The film’s real turning point comes in what some critics have considered a distraction from the main plot: Edison’s involvement with the development of the electric chair. This development culminates in character-defining moments for both principals. Edison has consistently, and publicly, refused to ever take part in contracts for the military (despite the urging of Morgan and others), vowing never to invent any device that could be used to kill human beings. Indeed, his chief objection to Alternating Current is that he believes it to be dangerous and that it will result in deaths, and so he lambastes Westinghouse to the press as being cavalier about the dangers of his system, sacrificing the safety of American citizens simply for the sake of profit. Westinghouse, meanwhile, declines to criticize Edison to the media, refusing to sink to his level, despite the urging of his wife Marguerite and others. When Edison demonstrates the dangers of AC by killing a horse as a media show (one of a dozen such demonstrations), he is approached by a social reformer looking for a “painless” alternative to hanging for the execution of convicted murderers. Edison agrees to help, as long as the actual execution proclaims it is Westinghouse’s system being used to kill. Westinghouse, obtaining proof of Edison’s involvement, gives the evidence to the press. Thus both men betray their respective standards in order to win the ultimate prize.
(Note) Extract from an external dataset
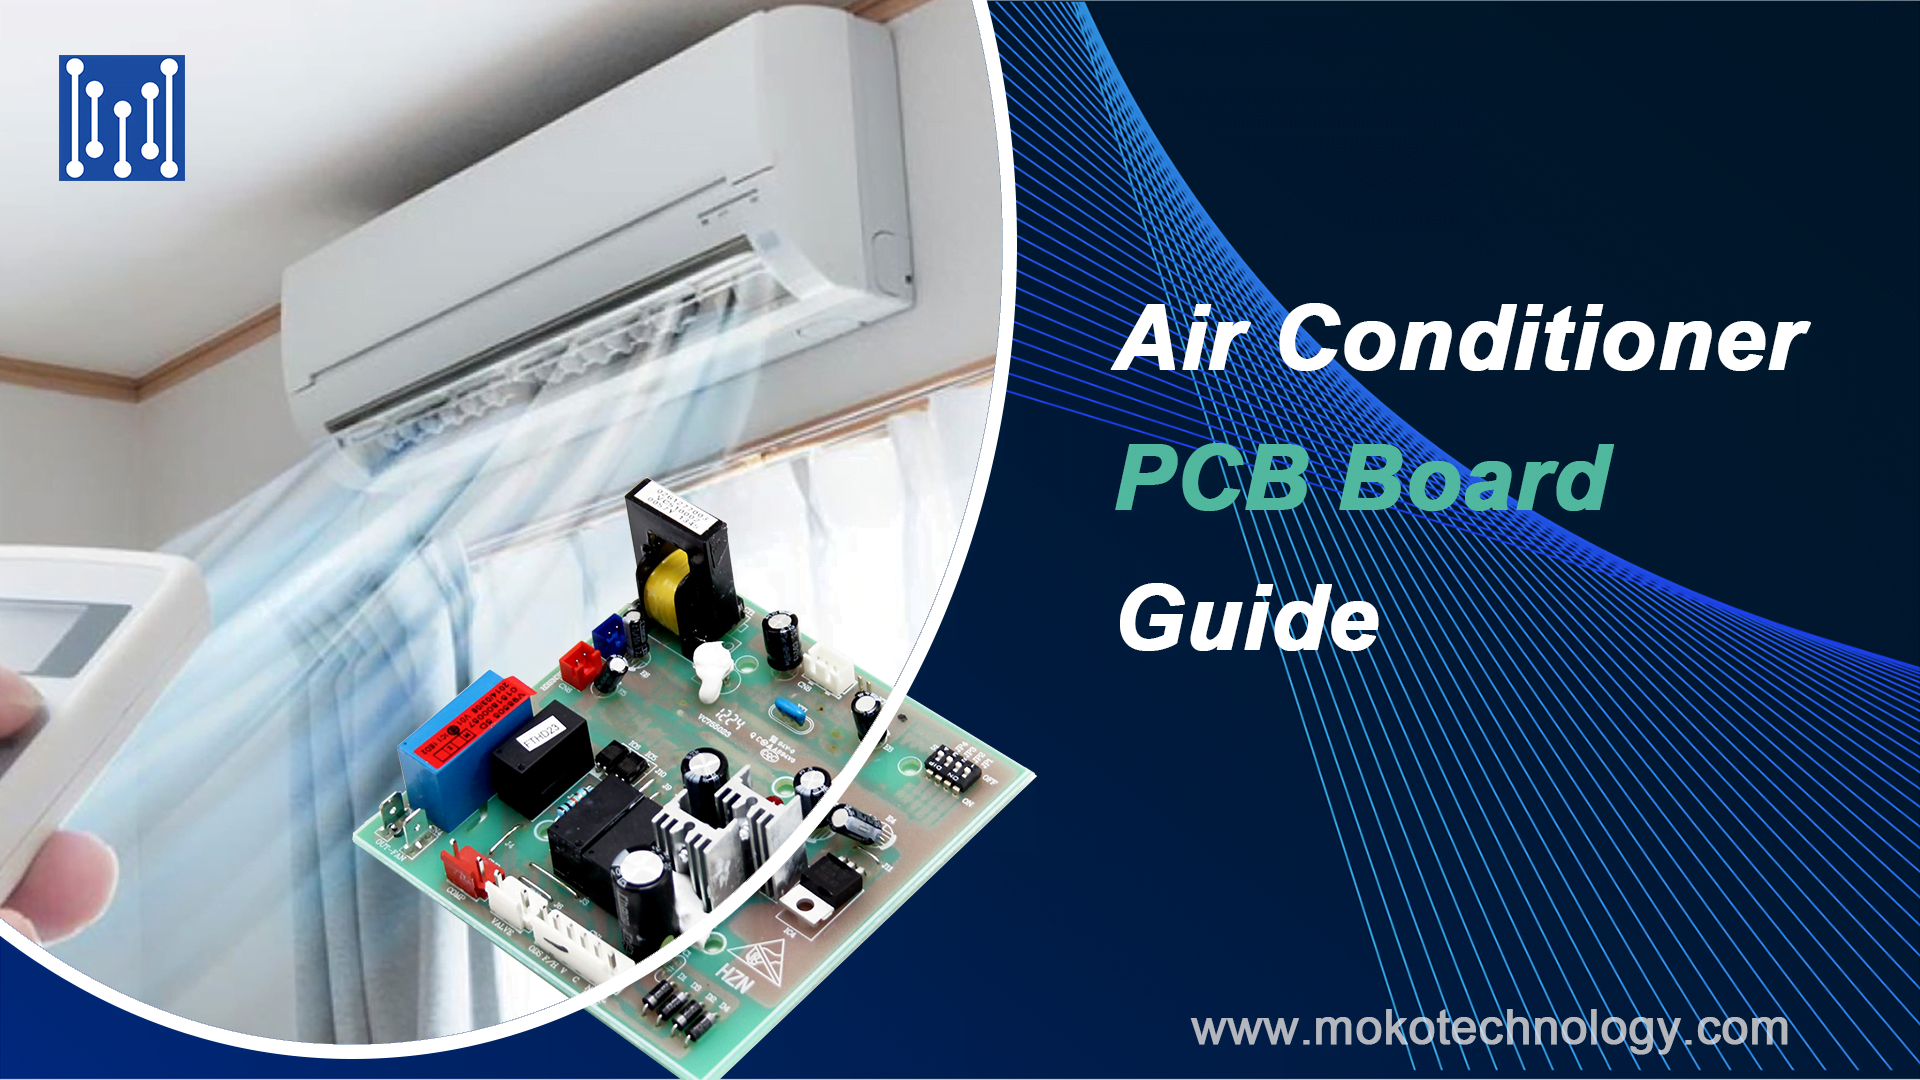 Air Conditioner PCB Board

Telling you how it all comes out would be too much of a spoiler, though I may have said too much already. My overall impression of the film is positive, and I do think that after a confusing start it gets better as it goes along. The script seems episodic, even disjunct at times, and the opening scenes in particular are short, almost choppy. Since the film covers a thirteen-year period in the lives of two busy men who have a lot of other things going on, it may be that there is too much ground being covered, and that seems particularly to affect the character of Tesla, whose contribution seems unclear and marginal as presented here. Apparently Mitnick’s screenplay went through some sixty drafts over a ten-year period, and began as a script for a musical. The end result might show some of that uncertainty.

But the recreation of late nineteenth-century America, in costumes, art direction and CGI effects (for the Chicago world’s fair) is a sumptuous feast for the eyes. The subject matter itself is so inherently interesting that it transcends any flaws in its execution. Shannon is perfect as the businesslike, unflappable Westinghouse, and nobody plays an arrogant, volatile genius like Cumberbatch—it’s just that this time he does it with an American accent. Macfadyen as Morgan, with a shiny red nose, is believable as Edison’s sometimes exasperated bankroller. Neither Hoult nor Holland is given much to work with. But the most memorable performance in the film comes from Waterston as Westinghouse’s wife Marguerite: She is smart, funny, supportive, and honest as needed, and gives a virtuoso performance in a role smaller than any of the men.

This is a great story told in a serviceable film with some fine performances, and it overcame a lot of hurdles to get where it is. Two Jacqueline Susanns and half a Tennyson for this one.